Conclusions and future work

Natural surfactant films exhibit the multicomponent character being a mixture of biopolymeric molecules covering a wide range of solubilities, surface activity, and molecular masses demonstrating a spatial-temporal-seasonal variability which can be quantified with several surface rheology parameters. Certain classes of components or “end-members” are slowly degraded or are transformed to even more stable chemical structures and thus can be used as source-specific surface-active biomarkers to trace environment state ecological changes. The presented approach based on the physical states similarity theory provides a universal measure of surface film structure evolution independent on the film-collecting procedure, solvent treatment, and sample temperature applicable to a wide variety of the original films met in natural waters (marine, inland, and atmospheric). The variability of the reduced-normalized parameters introduced here rather than their absolute values is postulated to be a useful indicator of the film structural state, and can be used as a tool for natural water surfactant pathways tracing and reflecting the film spatial, temporal, and seasonal signatures.
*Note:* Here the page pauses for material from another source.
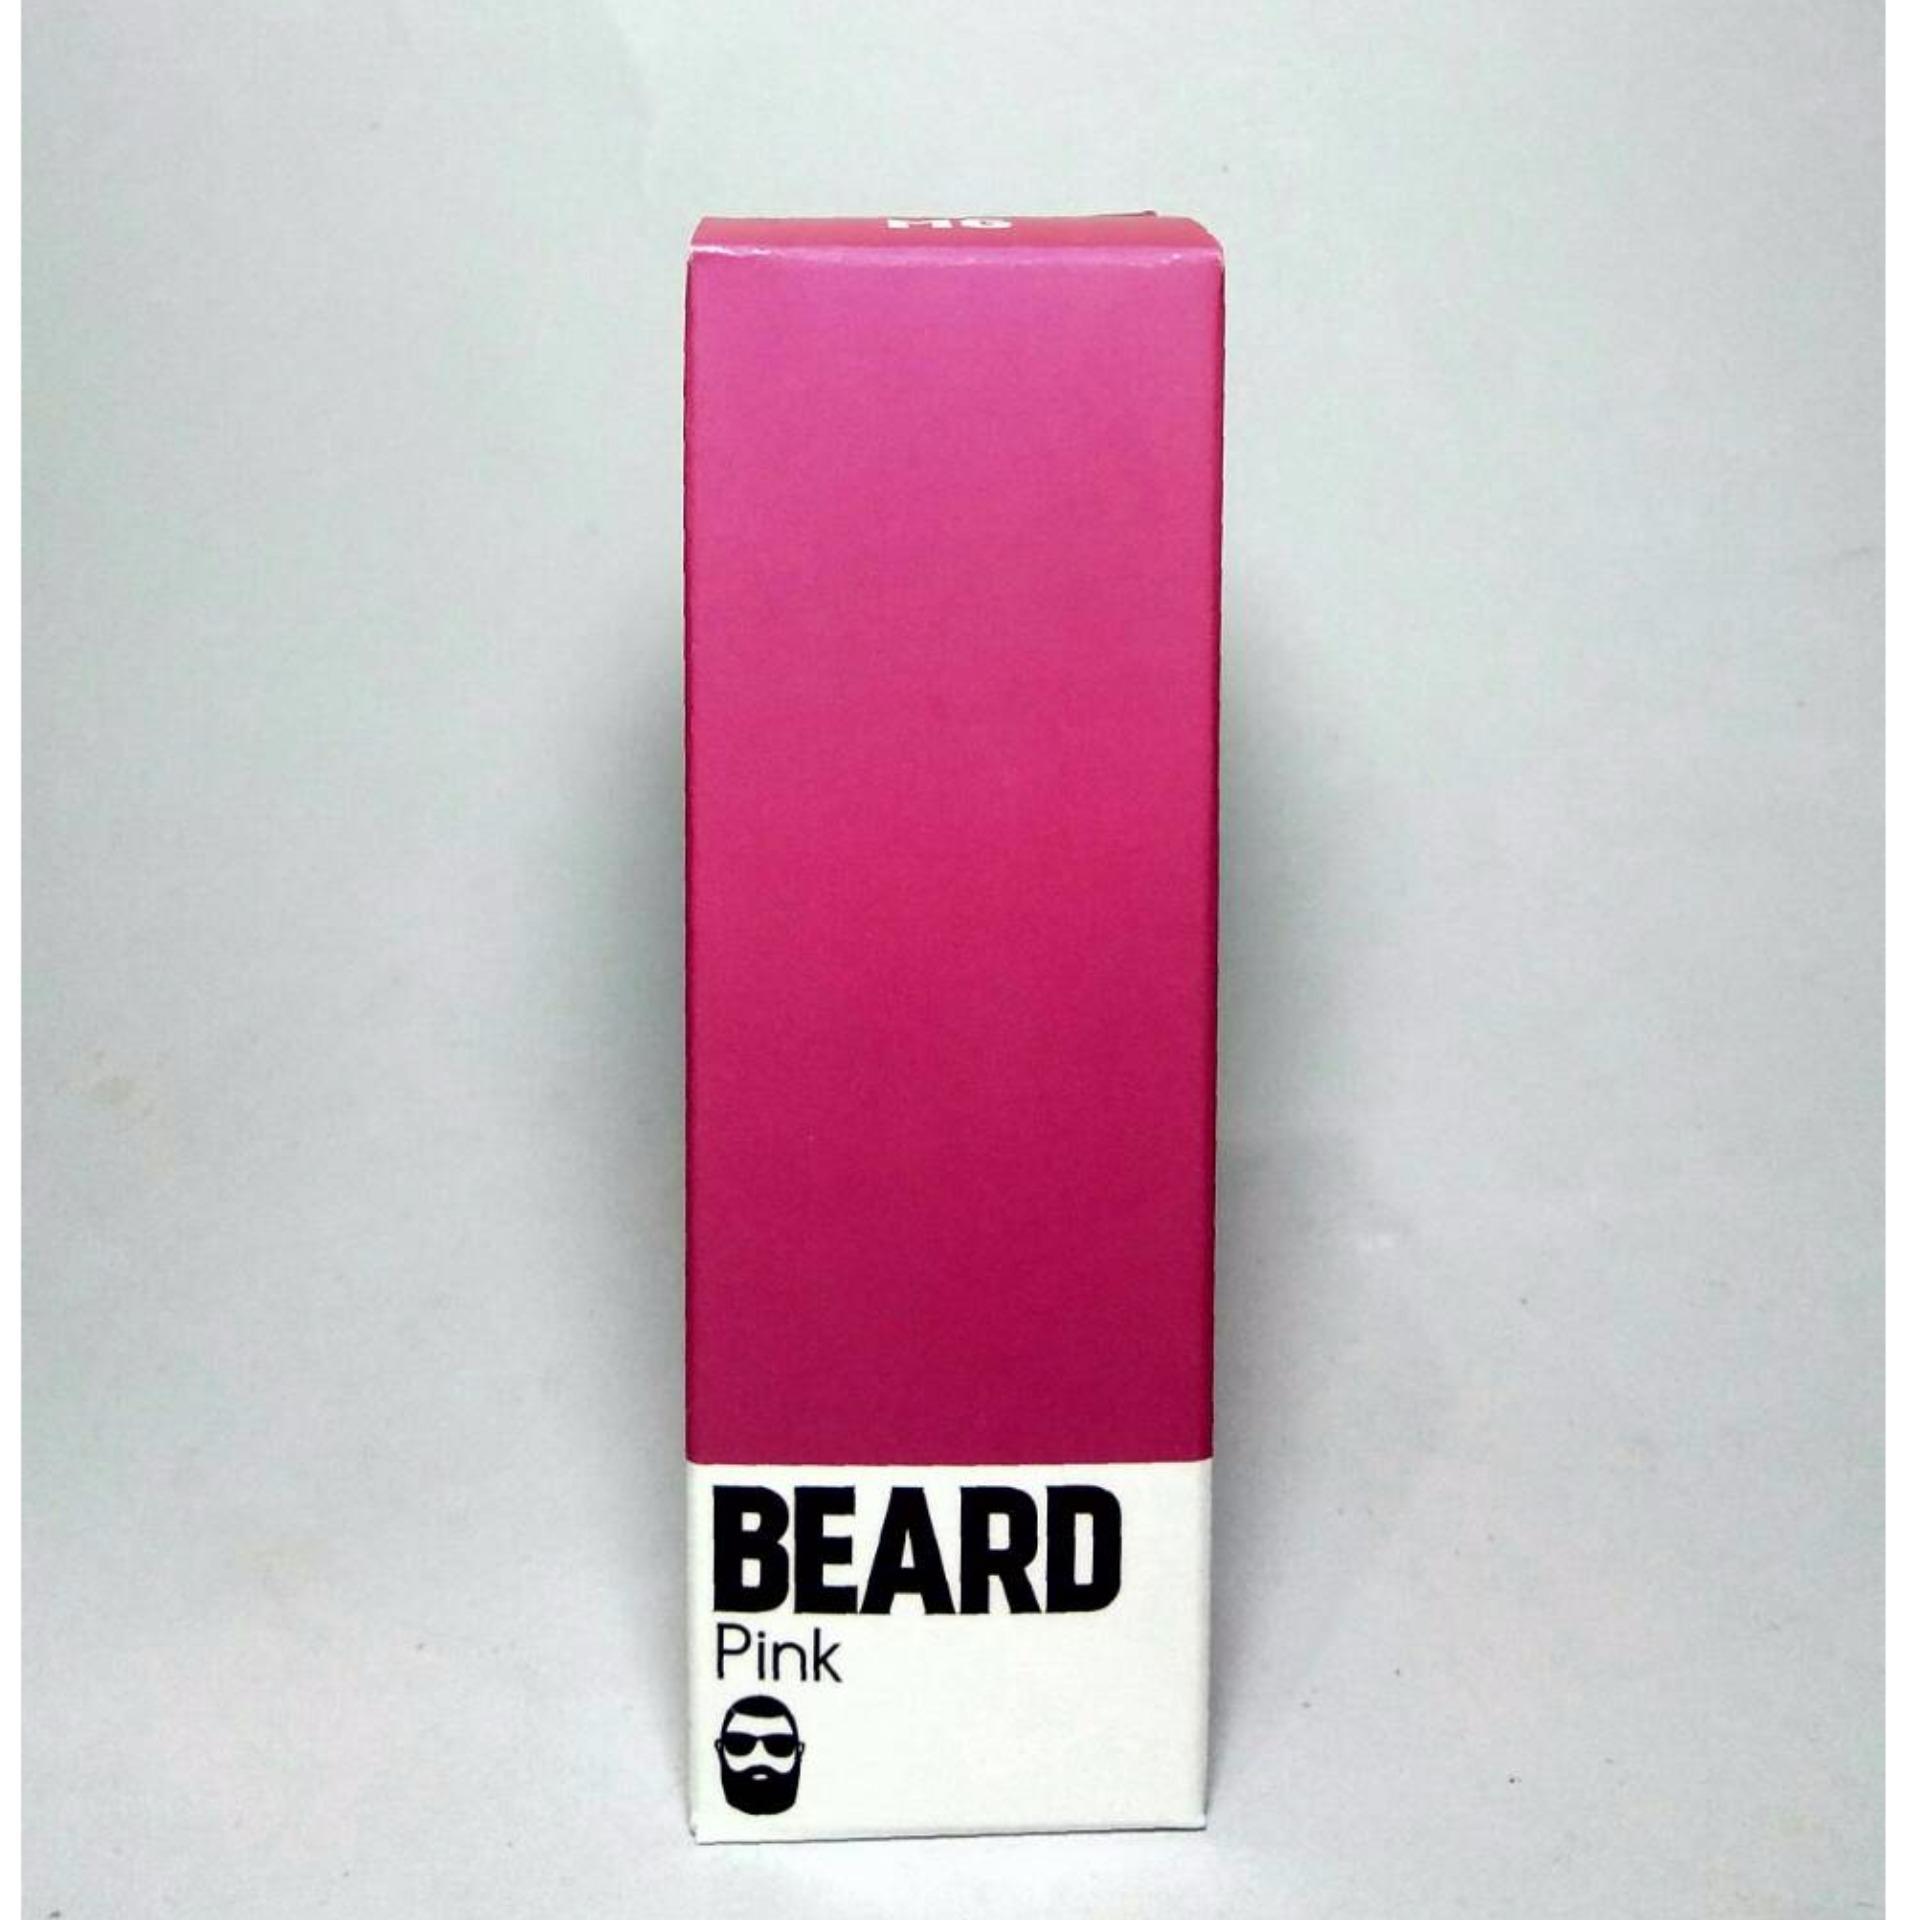 Grappy Premium Liquid Vapor Vape Vaping 3mg 60ml Spec Dan Daftar I Love Donuts Too Usa Jm354 Beard Pink

A set of the normalized structural parameters can be treated as coordinates of a multidimensional vector in a 10D space quantifying the film structural state. The structural similarity of the considered films can be expressed quantitatively as Cartesian distance between two vectors of the analyzed film and the standard one from the database, respectively. Application of different distance functions, i.e., street or Czebyszew may result in a better data presentation dynamics or pointing to the most distinctive parameters differing the studied films structure.

Quantification of film structure with a multidimensional vector approach allows application of Principal Component Analysis (PCA) and Cluster Analysis (CA) to the data set amended with environmental characteristics.

It is a promising starting point to create cost-effective, automatic, and rather simple technique to monitoring and assessment of environmental pollution in oceanographic practice.